I made a very quick test using a simple RTF document with an OLE Package object containing the EICAR test file: on VirusTotal, 30 out of the 56 antivirus engines detect the EICAR file. This may be surprising as one would expect 100% detection, but it is known for years that some antivirus vendors choose not to analyse files embedded into RTF on purpose, because those files will be caught as soon as the user tries to open them.

However, after applying all the tricks described in this article, only 6 antivirus engines out of 56 detect something suspicious. But out of these 6, only two actually detect the EICAR file properly. The other 4 report that the RTF file is malformed or obfuscated.

The consequence is that all the tricks described above can be used to hide malicious payloads that will not be picked up by most e-mail gateways, web proxies and intrusion detection systems.
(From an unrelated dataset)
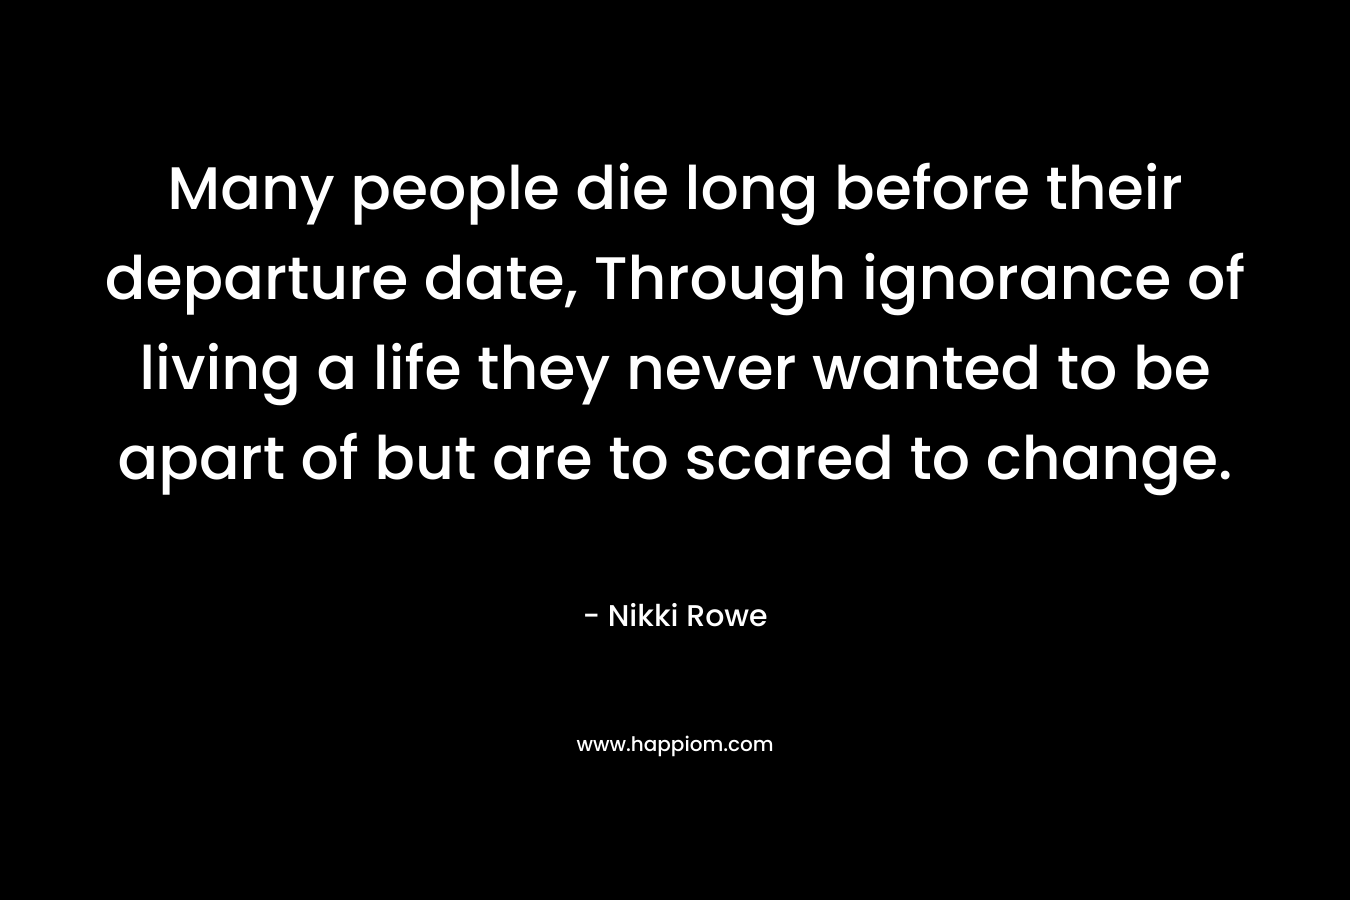 Many people die long before their departure date, Through ignorance of living a life they never wanted to be apart of but are to scared to change. – Nikki Rowe

And they have already been used in the wild for several malware campaigns.

Rtfobj

My tool rtfobj is a quite simple Python script I wrote to identify and extract OLE objects in RTF documents. I improved it recently to handle all the cases described in this article.

It was especially used by @r00tbsd and @Sebdraven to analyze a recent malware sample exploiting the MS Word vulnerability CVE-2015-1641, as described in this article: http://www.sekoia.fr/blog/ms-office-exploit-analysis-cve-2015-1641/.

The new version of rtfobj may now be downloaded as part of the oletools package.